Down to the last line, reproduce the data that follows, but skip the pictures.

> [Material provided]
- - - - - - -
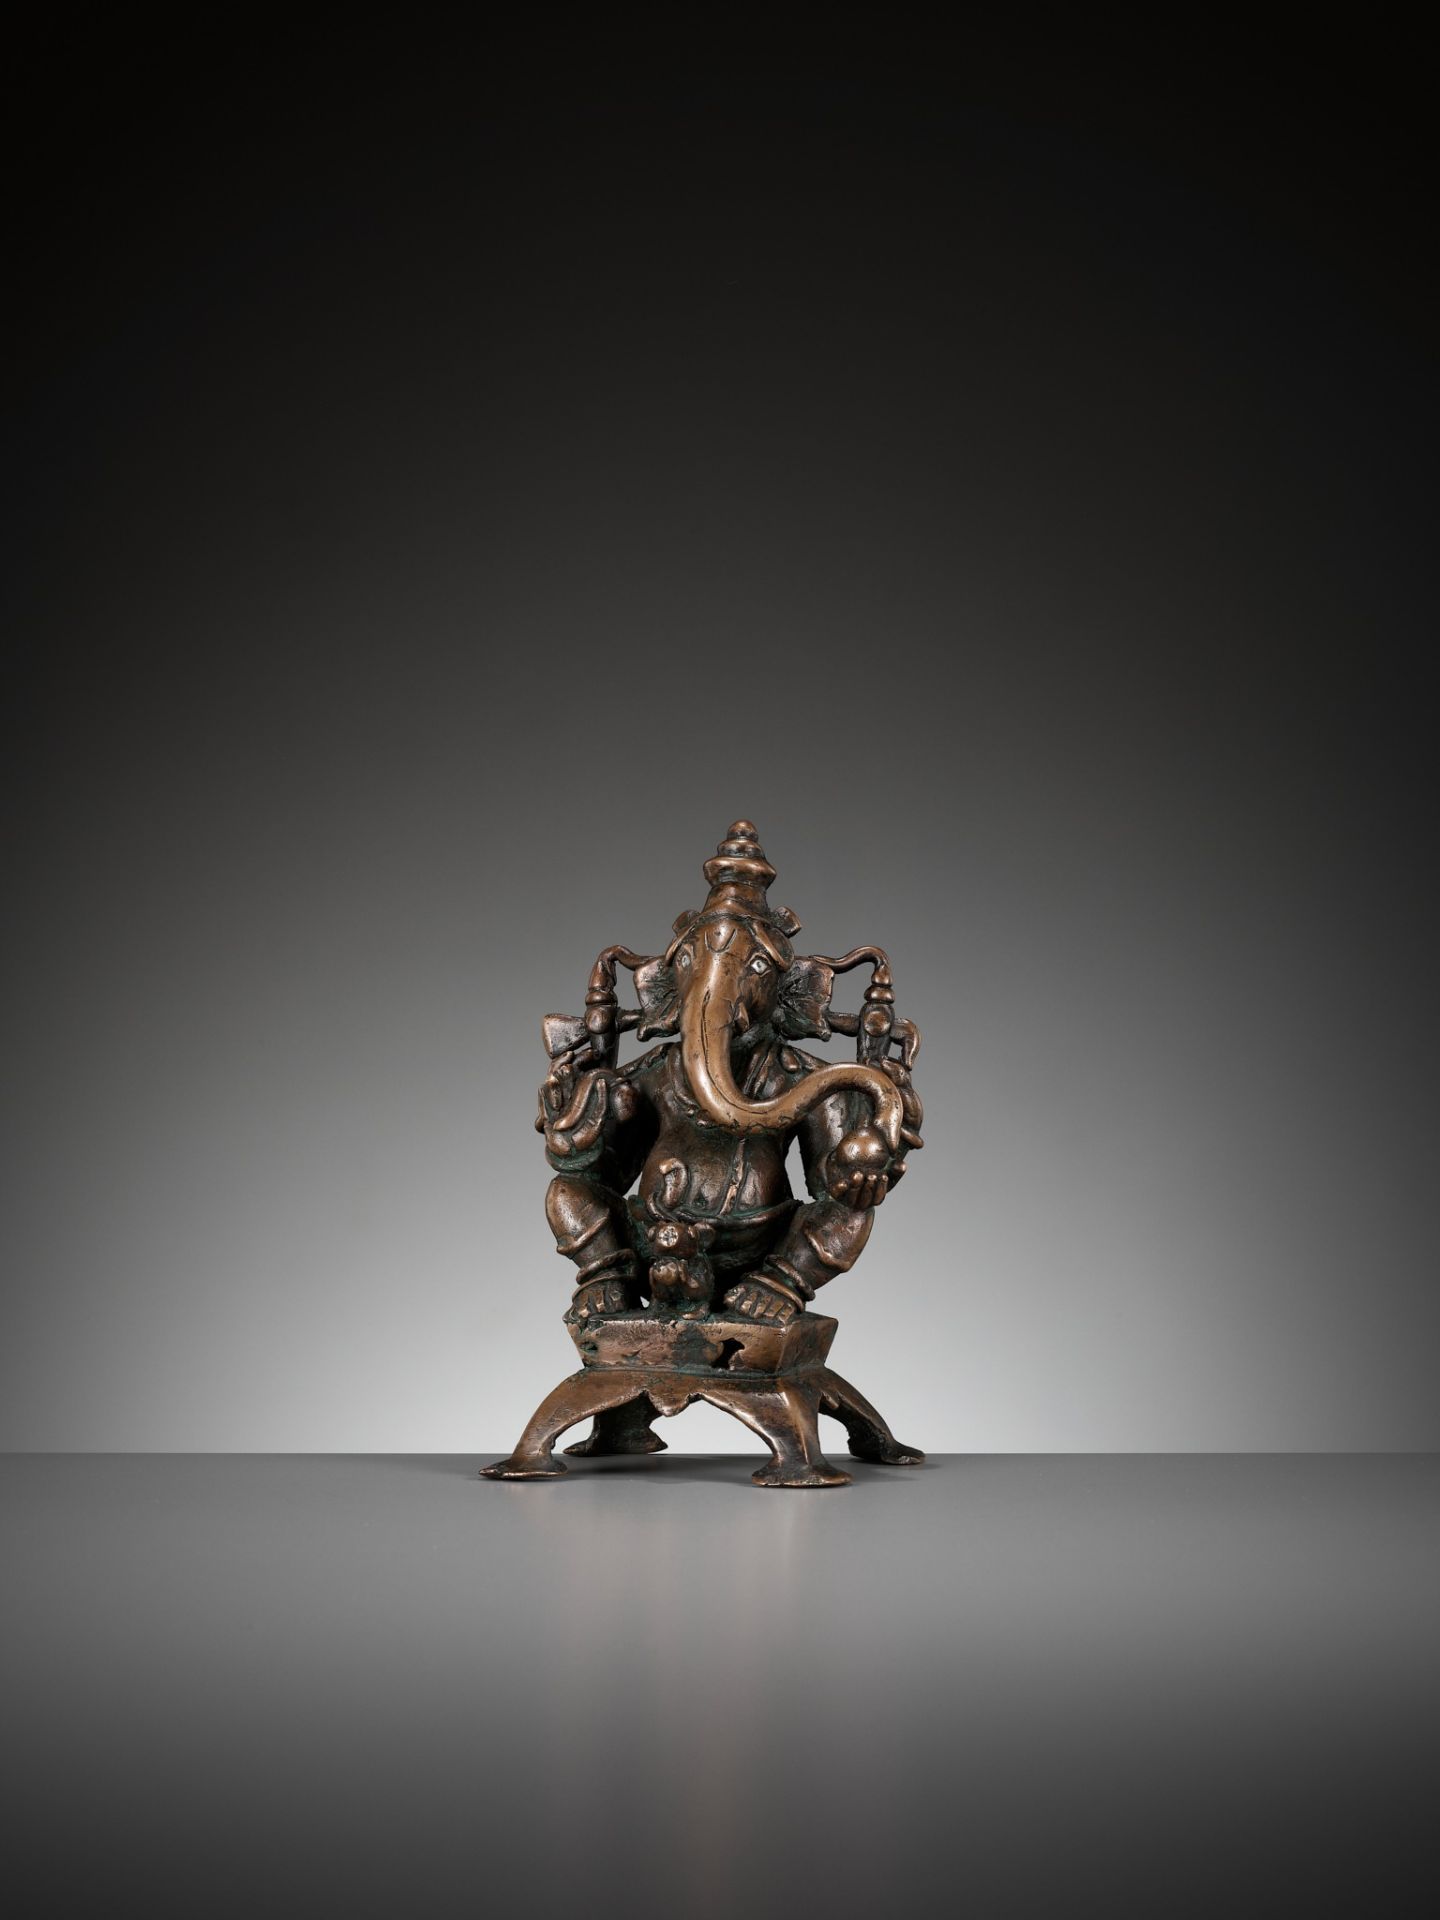 A SILVER-INLAID COPPER ALLOY FIGURE OF GANESHA, SOUTH INDIA, C. 1650-1750 - Image 2 of 12
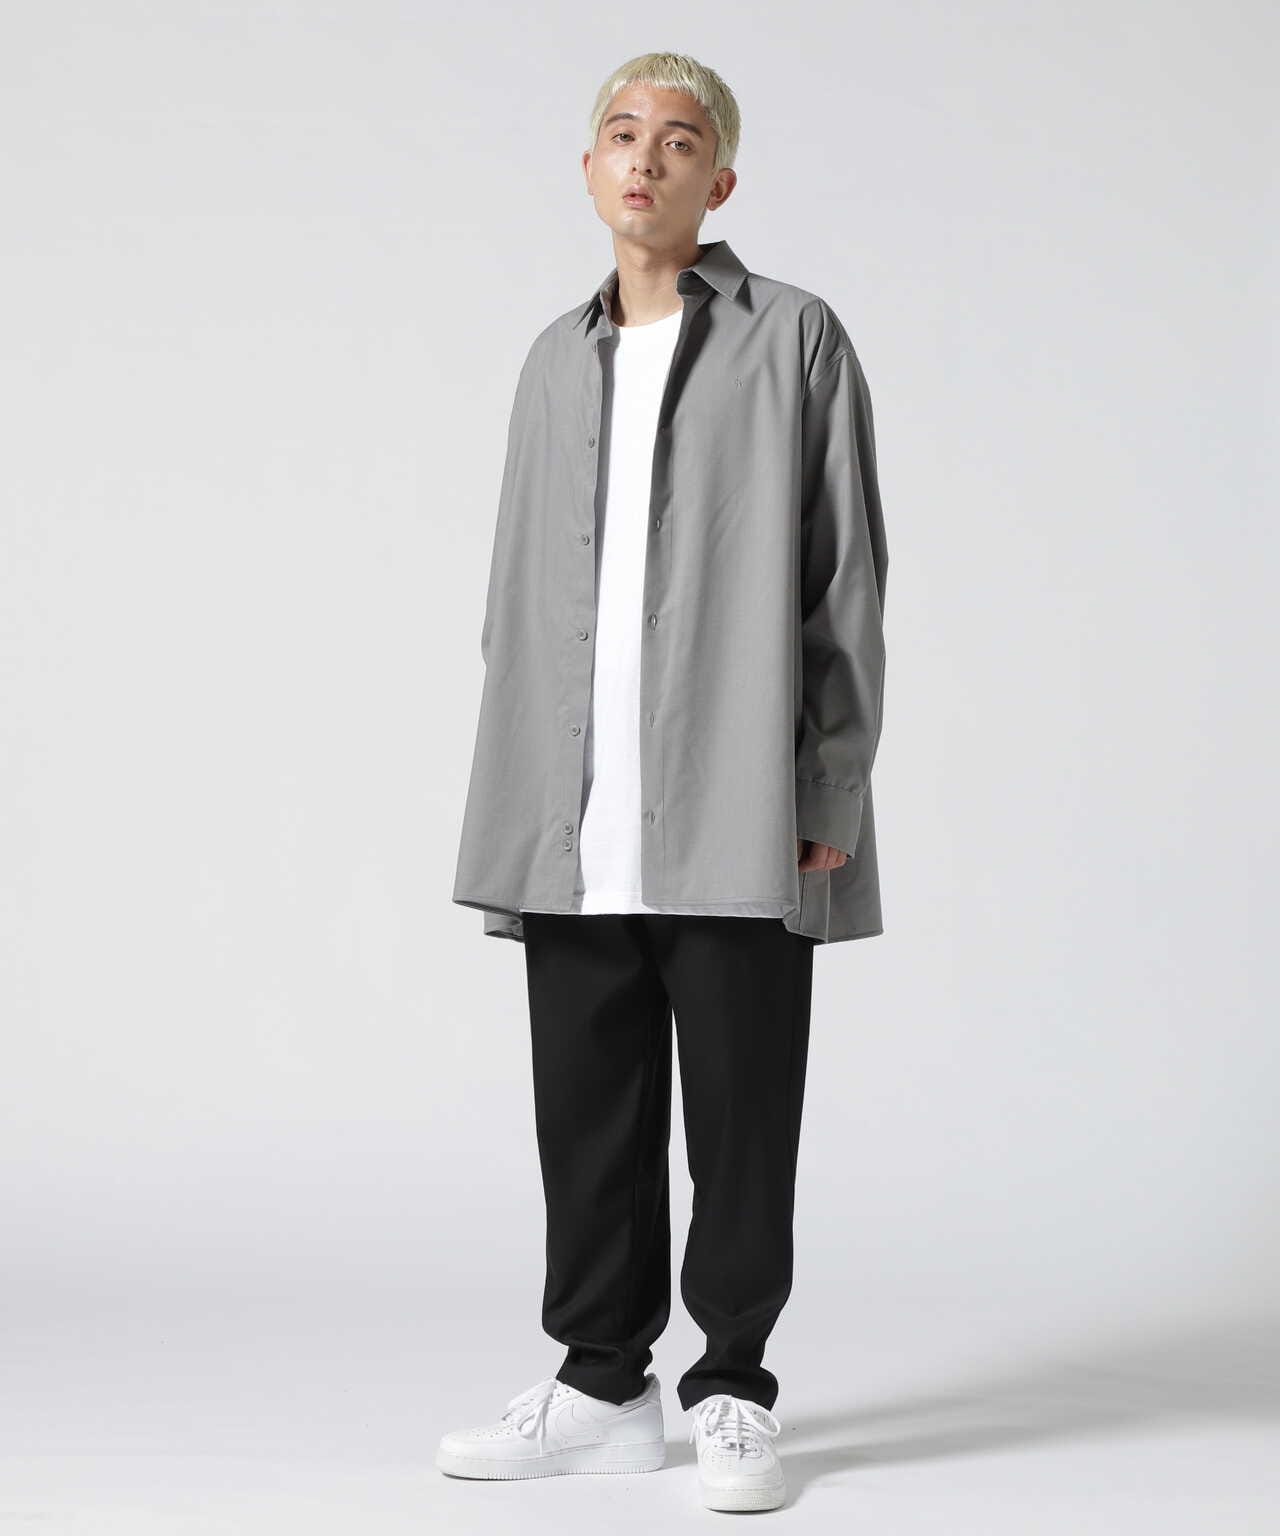 th products.stripe oversized shirt
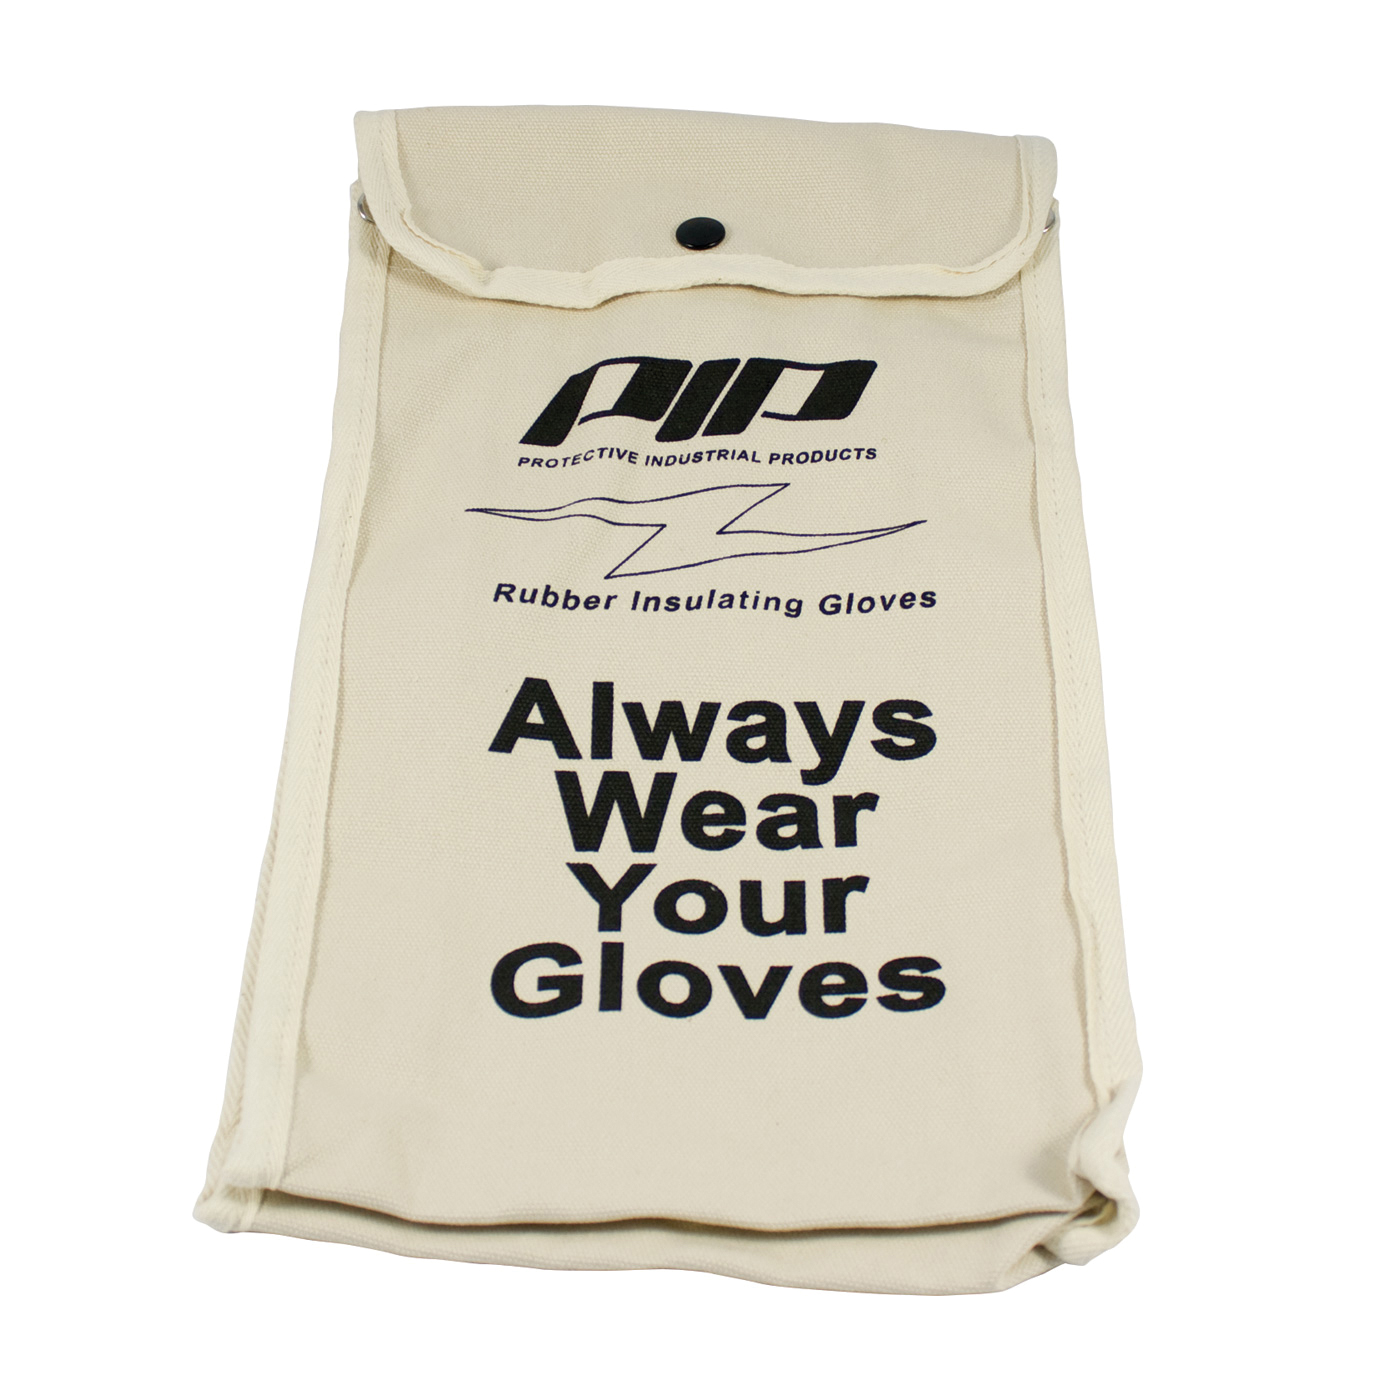 Novax® 148-6014 Protective Bag, Snap Closure, For Use With 14 in Insulating Gloves, Cotton Canvas, Natural with Black Lettering
- - - - - - -
> [Answer to this exercise]
 A SILVER-INLAID COPPER ALLOY FIGURE OF GANESHA, SOUTH INDIA, C. 1650-1750 - Image 2 of 12
 th products.stripe oversized shirt
 Novax® 148-6014 Protective Bag, Snap Closure, For Use With 14 in Insulating Gloves, Cotton Canvas, Natural with Black Lettering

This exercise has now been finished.